首里城正殿など主要施設が火災で焼失した問題に関連して、「国有財産である首里城の管理運営は、沖縄県が設立した美ら島財団」などと指摘した国会議員のツイッター投稿が拡散した。これは誤りだという指摘があり、調査したところ、かつては国と沖縄県が拠出して設立された国所管法人だったが、現在は県の監督を受けている外郭団体とされていることがわかった。(楊井人文)
チェック対象 首里城再建は賛成だが、国有財産である首里城で、こんな行事を続けることは反対だ。国有財産である首里城の管理運営は、沖縄県が設立した美ら島財団となっている。(山田宏・衆議院議員の2019年11月7日ツイッター投稿) |
結論 【不正確】首里城を管理運営している財団法人は、かつて国と沖縄県が拠出して設立された国所管公益法人だった。現在は主務官庁はないが、外郭団体として県の監督を受けつつ、県所管施設の管理などを行っている。 |
検証
衆議院の山田宏議員(自民)が「国有財産である首里城の管理運営は、沖縄県が設立した美ら島財団となっている」とツイッターに投稿したところ、5000件を超えるリツイート、1.2万件のいいね!の反響があった。これに対し「沖縄県が設立した財団」というのは誤りだという指摘があり、調査することにした。
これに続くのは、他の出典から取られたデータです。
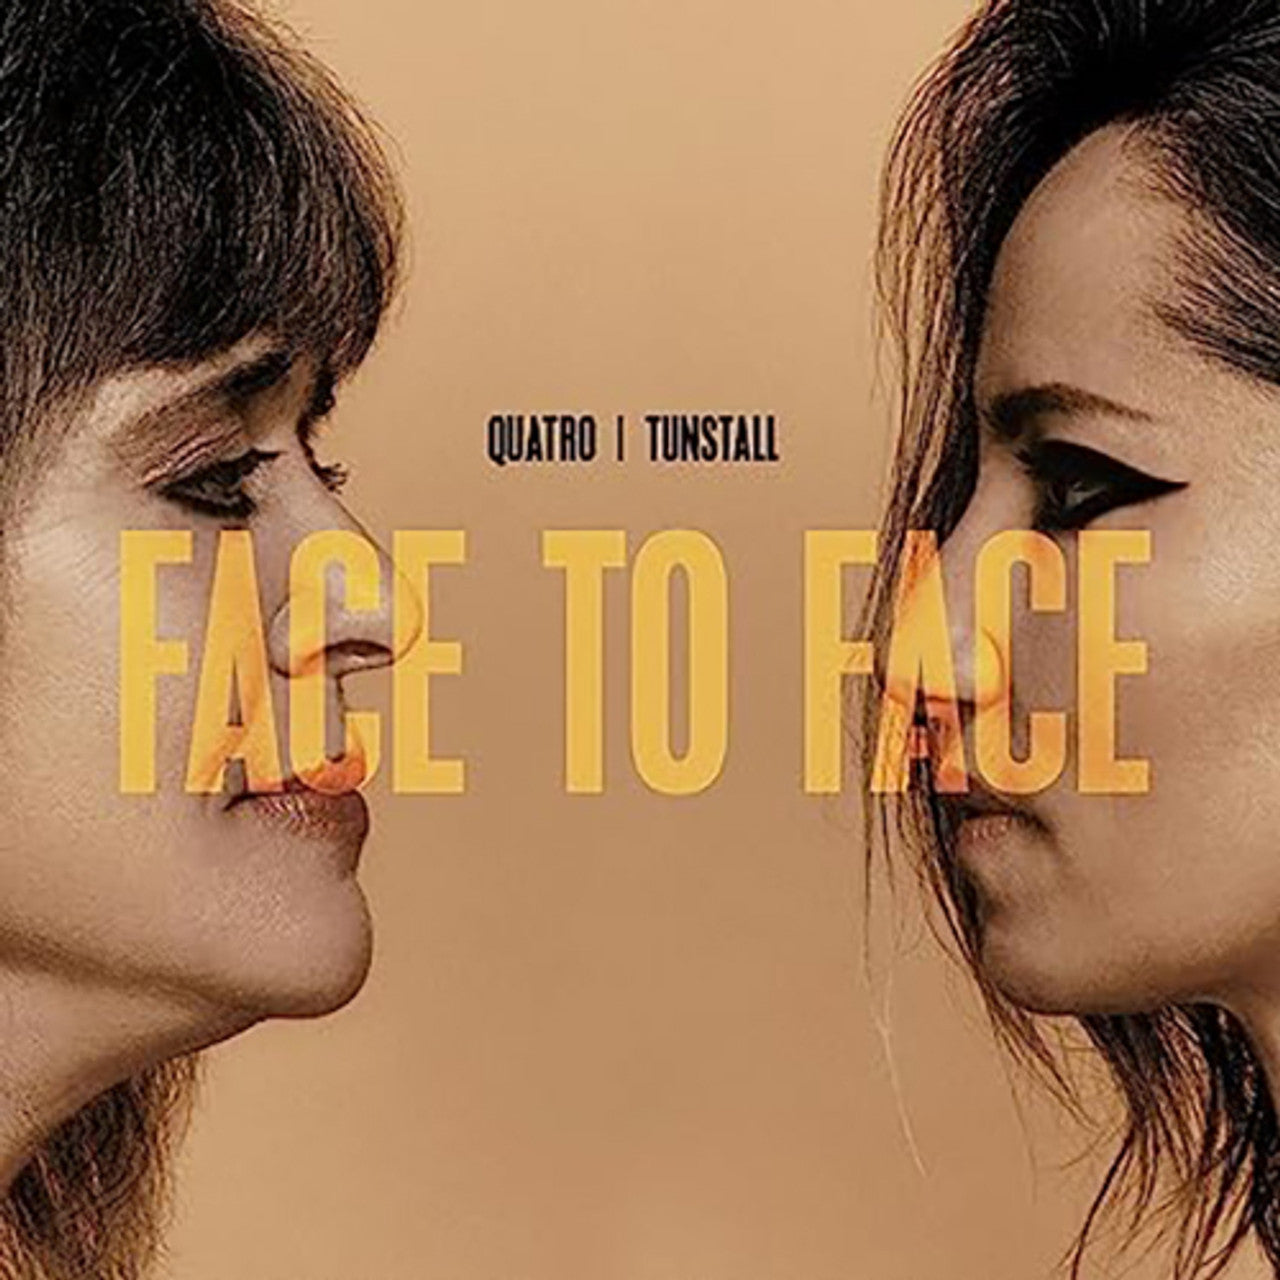 QUATRO / TUNSTALL - FACE TO FACE - VINYL LP
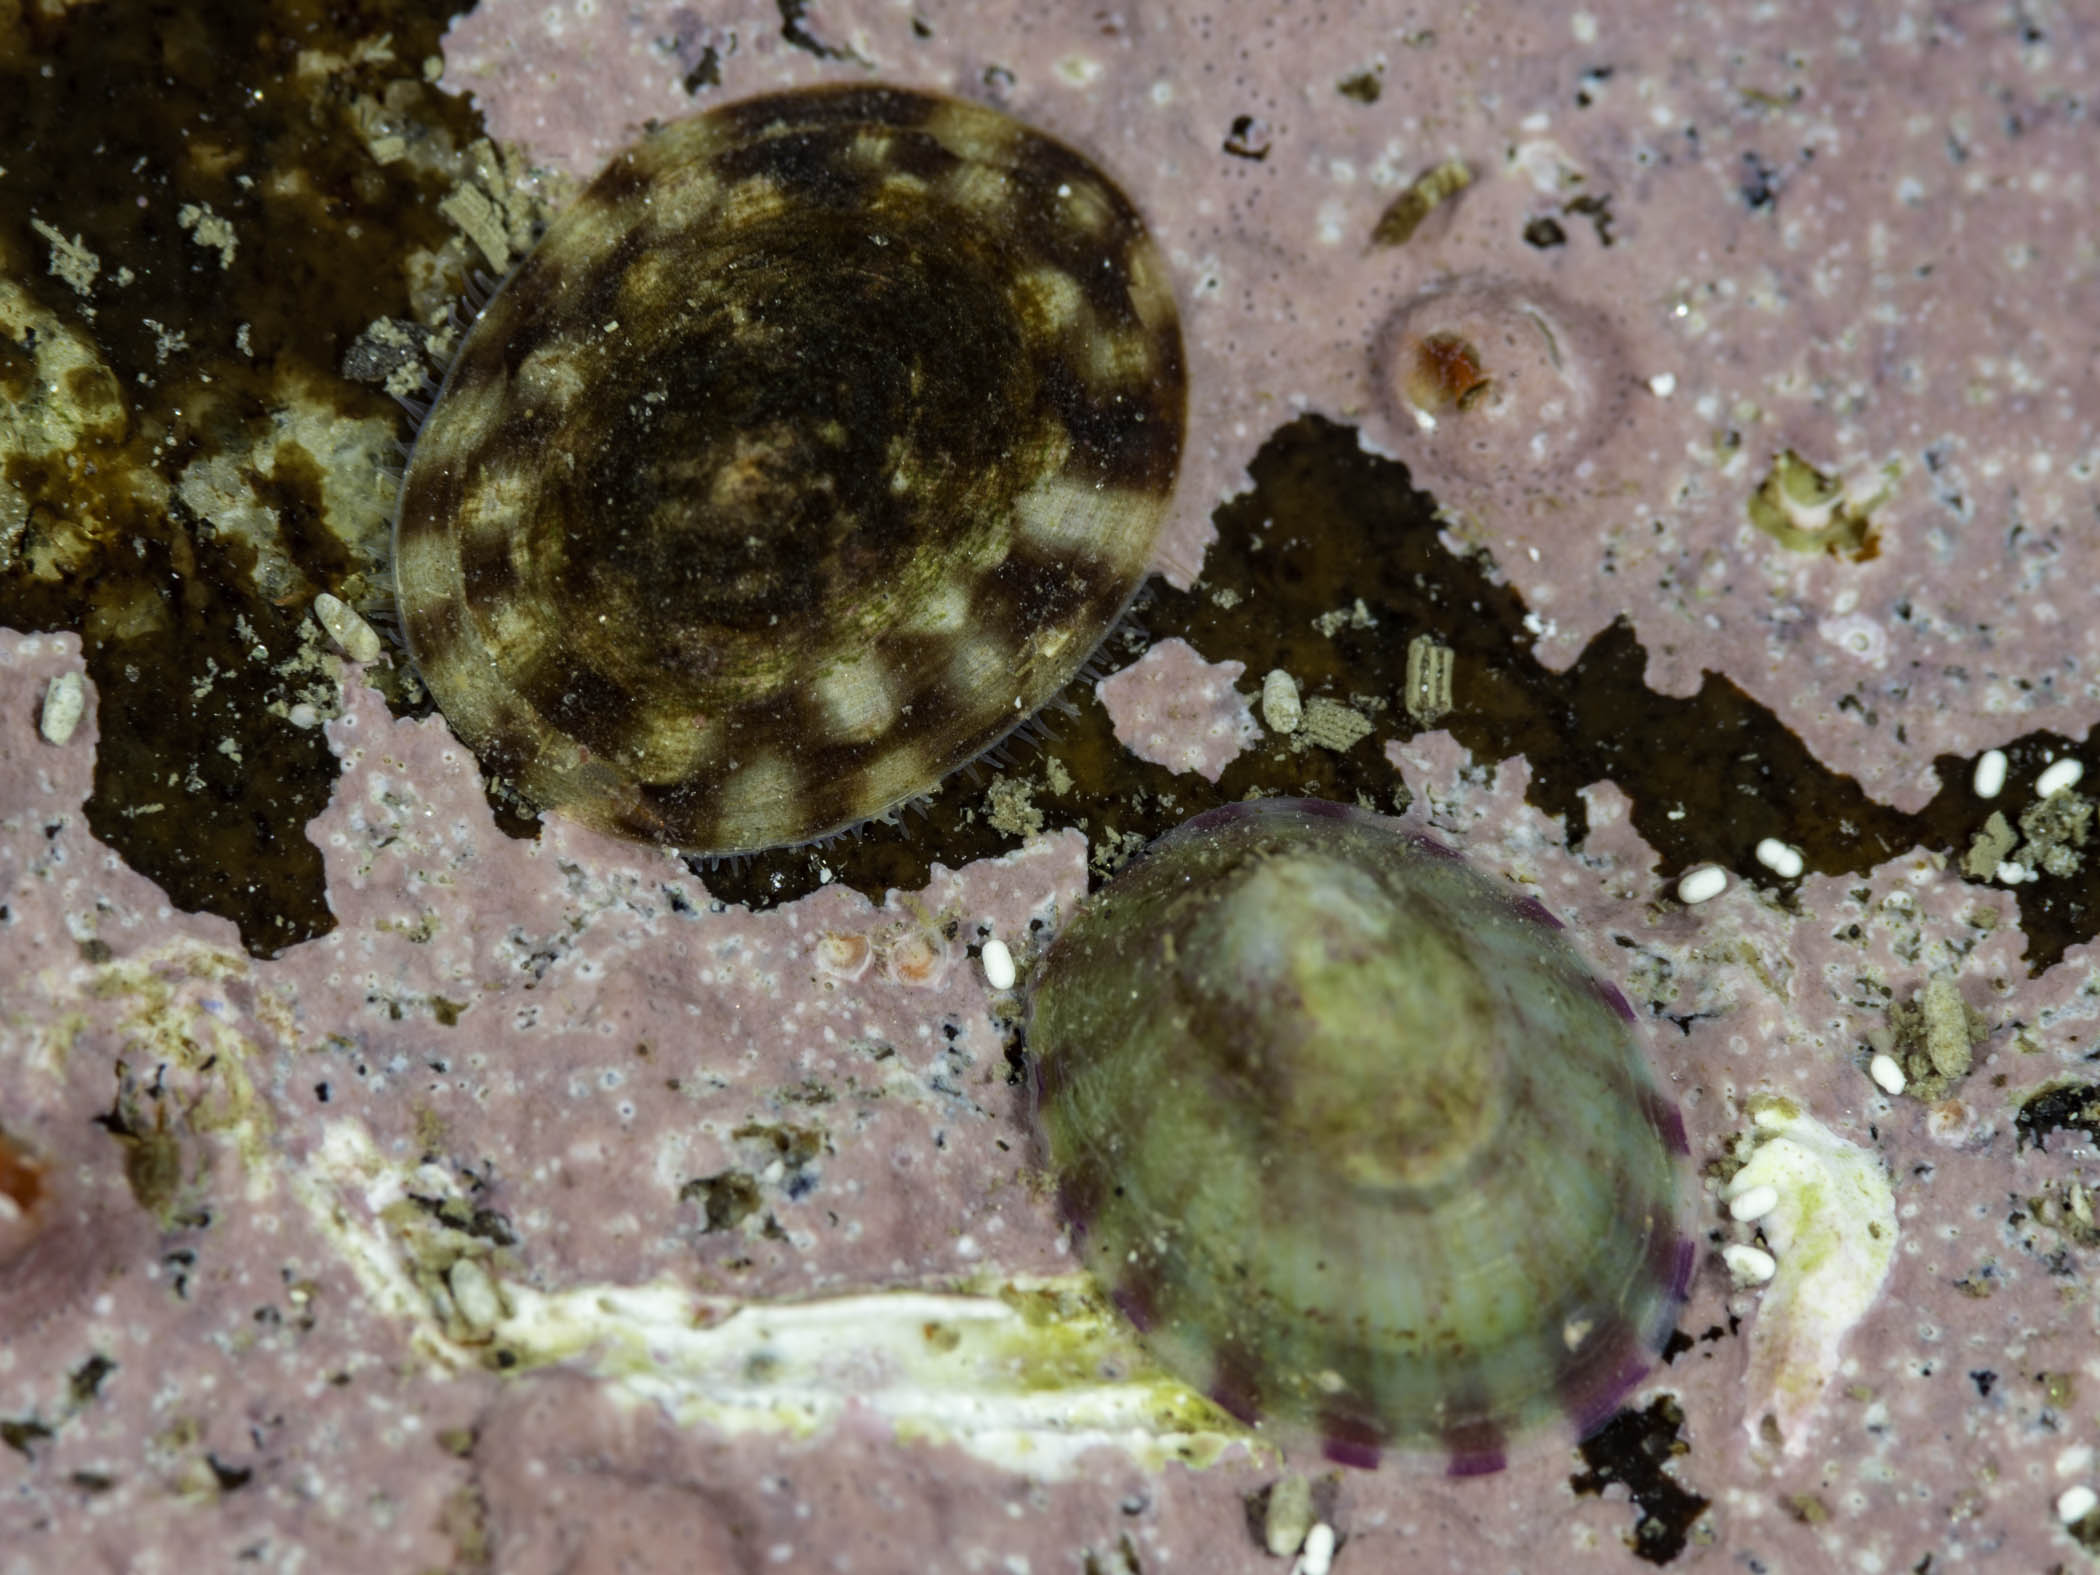 image: Testudinalia testudinalis. Tortoiseshell limpet and white tortoiseshell limpet on coralline encrusted rock, Saltstraumen, Norway.

もともと国と沖縄県が拠出して設立した「国所管公益法人」
国有財産である首里城を管理運営しているのは「一般財団法人沖縄美ら島財団」。1976(昭和51)年7月に「財団法人海洋博覧会記念公園管理財団」として発足し、2012(平成24)年に現在の名称に変更した(財団の年表)。
もともとこの財団は、旧名称の通り、国営の「海洋博覧会記念公園」を管理するために設立されたものだ。1975年、沖縄海洋博覧会の跡地を国立公園として国が整備管理することを閣議決定。翌年、当時の建設省が設立を許可した(沖縄美ら島財団の担当者に確認)。跡地の公園利用については沖縄開発庁からの提案を受けて建設省と沖縄県が協議を重ね、独自の管理財団を設立するに至ったと、三好勝彦元理事長(第3代、建設省出身)が回顧している(広報誌創刊号の巻頭インタビュー)。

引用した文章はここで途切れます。